Be interested, not interesting. Those four words make for a good conversation.
I’ve been in enough chats with friends over breakfast or as a reporter with a notebook to know the difference between a dynamic give-and-take and a one-sided series of “look at me” anecdotes. Start asking questions and you can branch off to who knows where. It doesn’t have to be all about you. In all candor, I too can be quite self-involved and all too eager to regale others with the ups and downs of my life. But the fact is that none of us are as interesting as we think we are.
I enjoy meeting someone or renewing an acquaintance by asking, “Where did you go to school?” Or “What have you been doing with your time?” Thus starts the back-and-forth. For me, it doesn’t get better than finding common ground with a baseball nut or a blues fan or a fellow vet. The bank shots off that opening casual question can be virtually endless.
What’s more, dampening your ego shows respect for your interlocutor. I love that former President George H.W. Bush’s mother used to tell him, “George, quit talking about yourself!”
Moving right along:
You can’t make this up: National Park Service guides at the Gettysburg battlefield say a tourist asked if those 1,328 plaques, monuments, memorials, and markers “got in the way of the battle.”
An informal inspection at a big box store parking lot revealed that most of the gleaming pickup truck beds have nary a mark on them. Aren’t those gas hogs supposed to pick up stuff that’s too bulky for the family sedan or SUV? Y’know, lumber and mulch and other house-owning and do-it-yourself stuff that leave their mark on a truck.
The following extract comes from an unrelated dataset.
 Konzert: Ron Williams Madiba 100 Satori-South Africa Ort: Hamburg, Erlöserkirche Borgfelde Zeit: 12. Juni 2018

Gotta hand it to Detroit. You can project rural toughness with a pickup even if you’re not building a barn. Image trumps all.
Worst ad in history: Liberty Mutual and the dorky guy in the yellow shirt and a mustache that looks like a caterpillar with his goofy flightless bird telling us, “You only pay for what you need.” Not once have my wife and I ever paid for insurance — or anything else — we didn’t need. Why would we, fer cryin’ out loud?! It would be like going to the grocery store and saying, “Pre-fried, processed bacon must be disgusting and saturated with salt. I’ll never eat it, don’t need it, but I’m gonna buy it!” It’s mind-boggling to imagine what the suits in the boardroom think of us.
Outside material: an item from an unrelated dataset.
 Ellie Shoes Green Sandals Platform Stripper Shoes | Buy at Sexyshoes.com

And yes, sad to say, the Oakland A’s have left the building. It’s a mammoth structure with seeming acres of foul ground that favored pitchers, and when you look down on the field — which my wife and I did in August — you can visualize Blue Moon Odom, Vida Blue, Reggie Jackson, Eck, Rickey Henderson, Joe Rudi, Campy, Sal Bando, Catfish, all decked out in those brilliant green-and-yellow unis. Baseball will do that for you. No other game has that lore, the moments that dads pass on, going back over a century to splendid athletes with names like Honus and Ty and Grover and Pie and of course the immortal Van Lingle Mungo.
So the A’s are headed for the neon grotesque of Vegas, just like the black-shirt Raiders before them. Doesn’t seem right, does it?
Dave Griffiths of Mechanic Falls is a retired journalist.